Photo credit: https://www.adl.org/resources/tools-and-strategies/respecting-dignity-words

We have been having lots of “big” conversations around our house the last couple of weeks.  The first happened when my younger child and I went to shop for our Angel Tree gifts – an annual tradition from our church and the Salvation Army.  Our girls tend to prefer to choose someone their age – perhaps because they feel more equipped to imagine what someone their age wants, or because it helps them feel a sense of camaraderie.  This year, the nine-year old we selected ended up being quite different from the nine-year old in our family.  Though the toys she wanted were familiar, the size of clothing needed made it obvious that the two girls could not be more different.  So, in the middle of a store, I found myself having a deep conversation about genetics, systems of poverty, and the blessed nature of all creation.

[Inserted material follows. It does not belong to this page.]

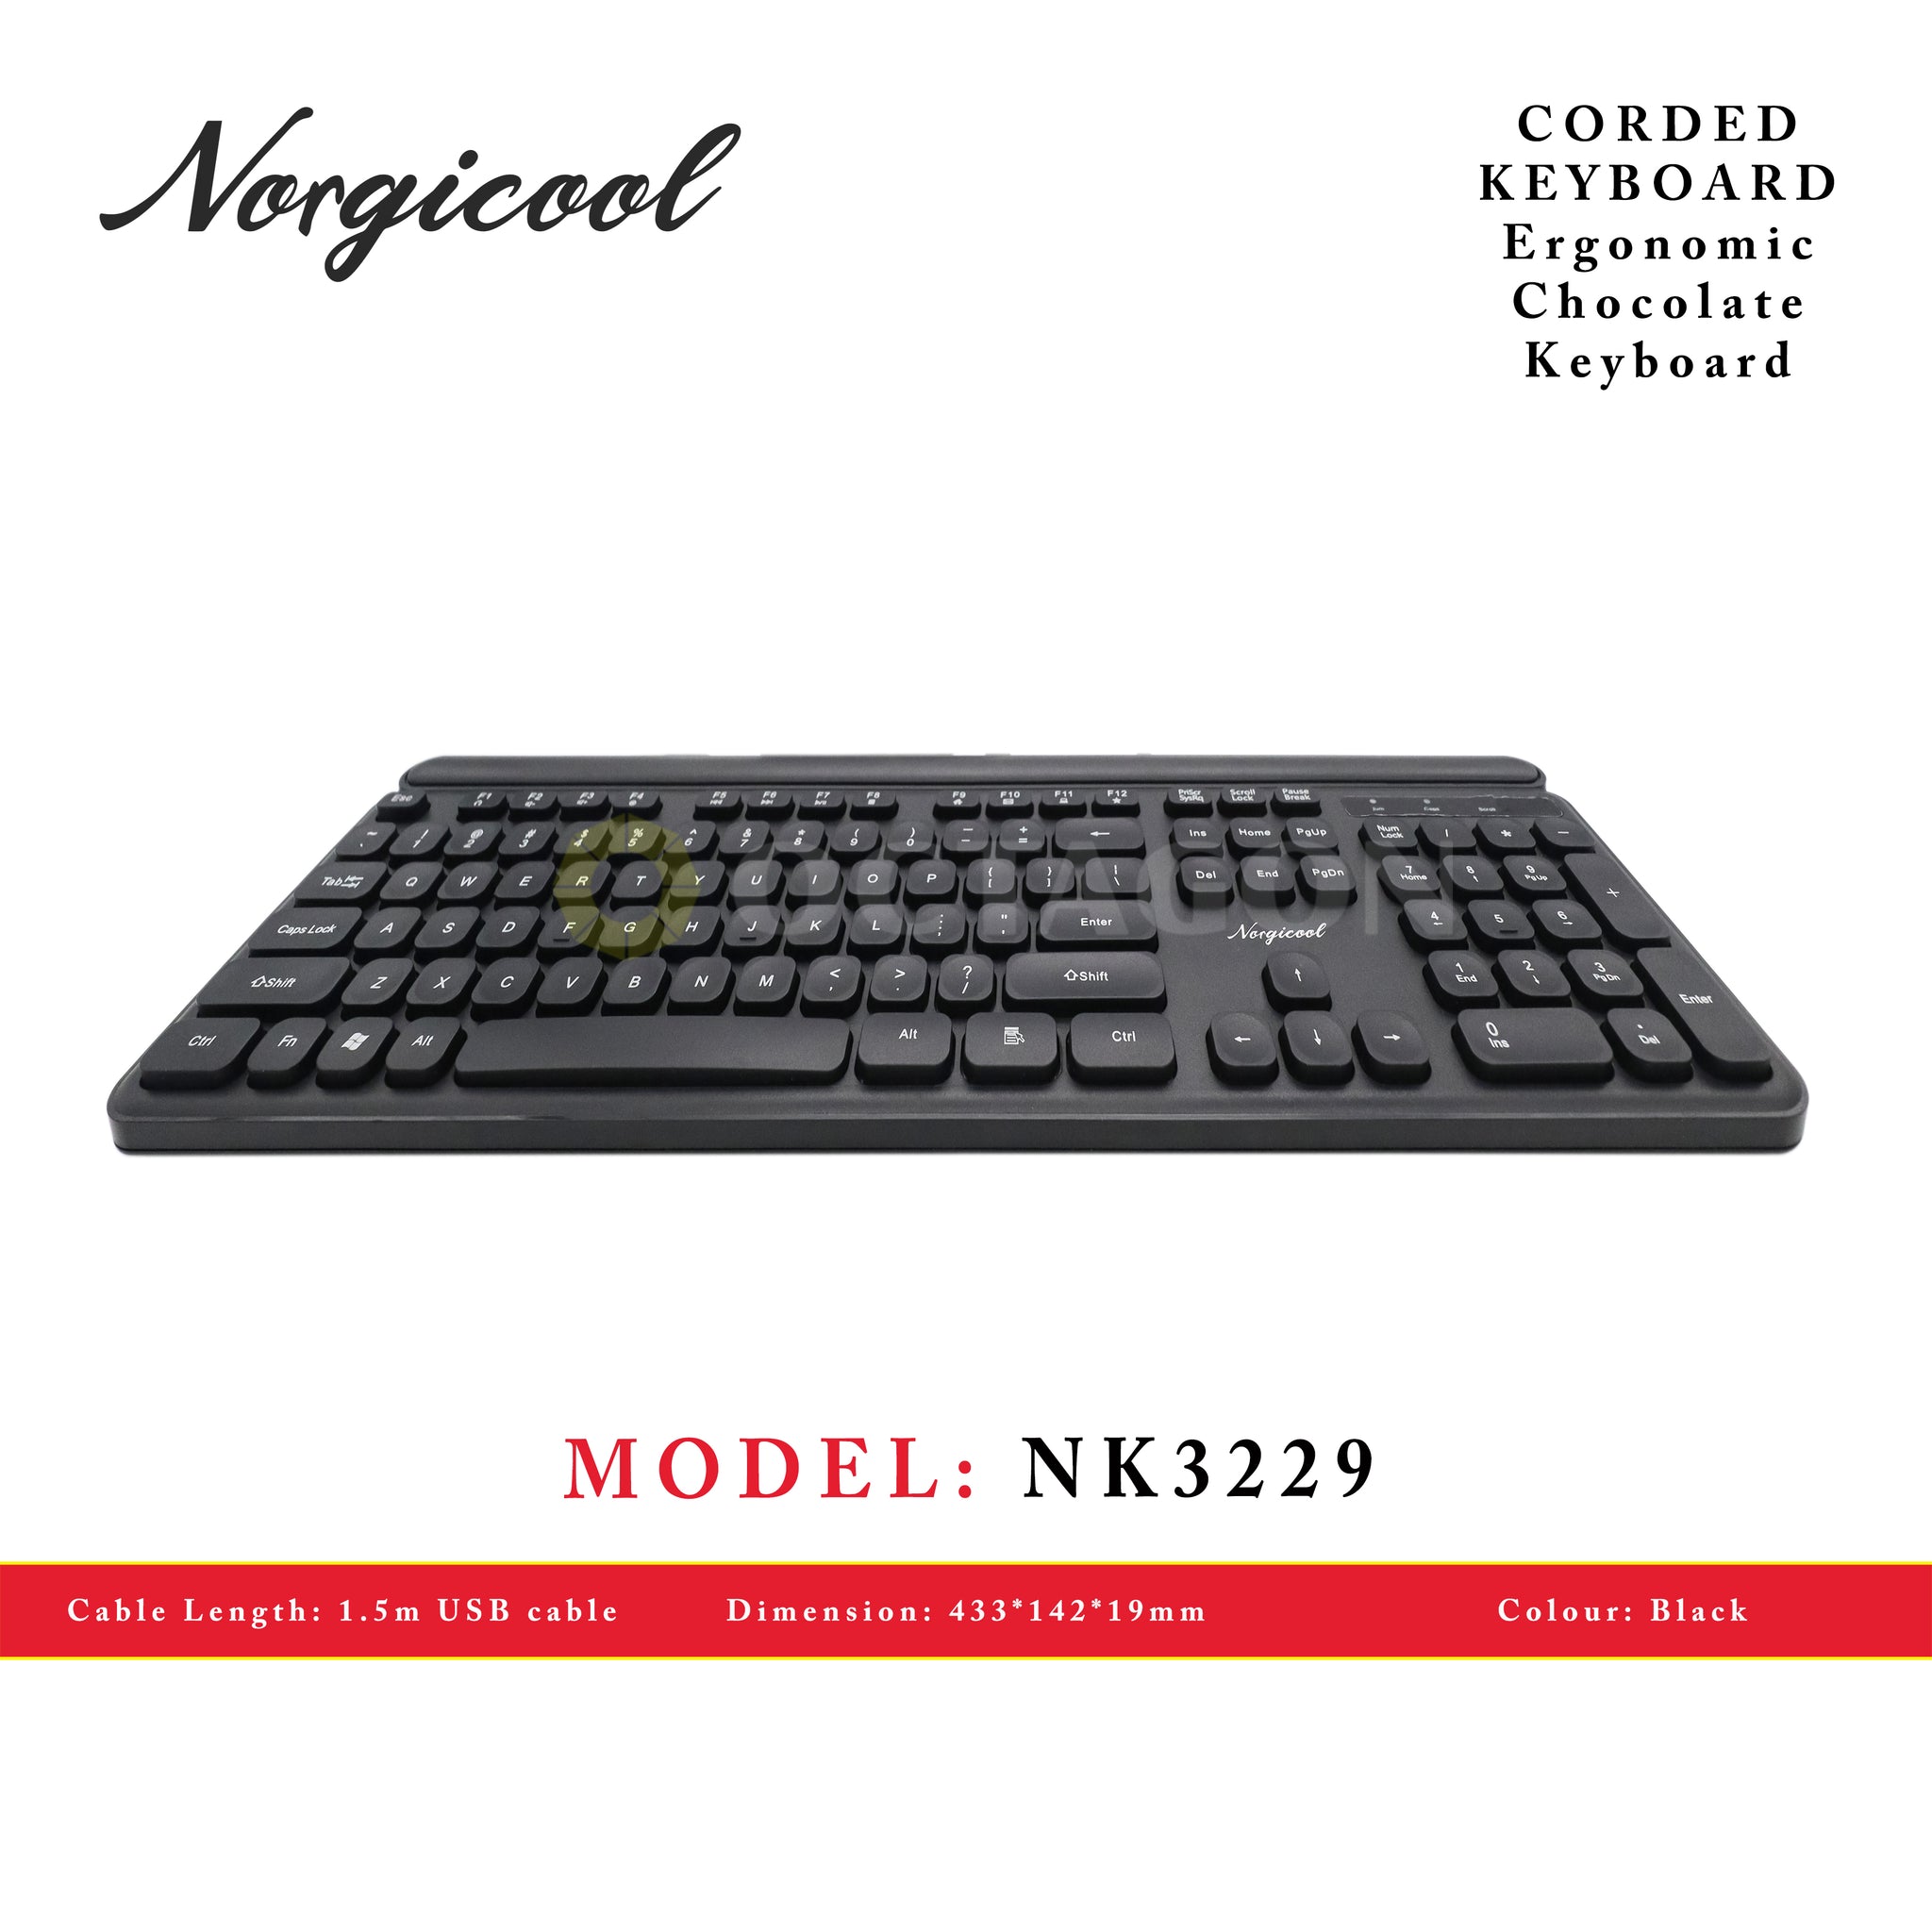 NORGICOOL NK3229 USB KEYBOARD ERGONOMIC CHOCOLATE STYLE

Later, the conversation turned heavy again.  Something came across the same nine-year old’s radar about Israel and Palestine, and the barrage of questions were endless and increasingly difficult.  We started with why they were fighting, talked about what each side had done, and what the impact of this war has been.  Eventually we got into the murky waters of the religious backgrounds of the warring sides – careful to talk about the interconnectedness of the Abrahamic faiths.  But then came the gut-punch question, “So, who do we want to win?”  Talking about war and peace, death and destruction, and the biblical complicatedness of the Holy Land was not exactly the conversation I was expecting between school, dinner, and various sports practices.

One of the disadvantages of being a “grown up” is we often think we have things figured out:  capable of complicated thought, educated and experienced, we have seen enough of life to understand its complexities and make judgments based on our learnings.  It is one of the many reasons why I am so grateful for the children in our lives – both my own, but also our community’s children.  As part of their village, our work is to responsibly help them see the complicated, often sinful, nature of humanity, and help them love humanity in all its complexity.  In essence, children help us see why one of the main promises in our baptismal covenant is we will respect the dignity of every human being.

As we bustle around the Advent season, tempted to be too busy to handle anything other than our massive to-do lists, I invite you to slow down.  When we run so fast and when our minds are so occupied, we miss the invitations to respect the dignity of every human being:  from our neighbors impacted by poverty, to the frazzled parent just trying to get their children to school, to the person suffering within their body, to the innocent bystanders of war.  Scripture tells us that each person, when they are at their best or their worst, their strongest or their weakest, their most successful or their most failing, are made in the image of God.  Whether we like them or not, Jesus asks us to respect the dignity of that creation every day.  How might you better respect the dignity of the humans around you today?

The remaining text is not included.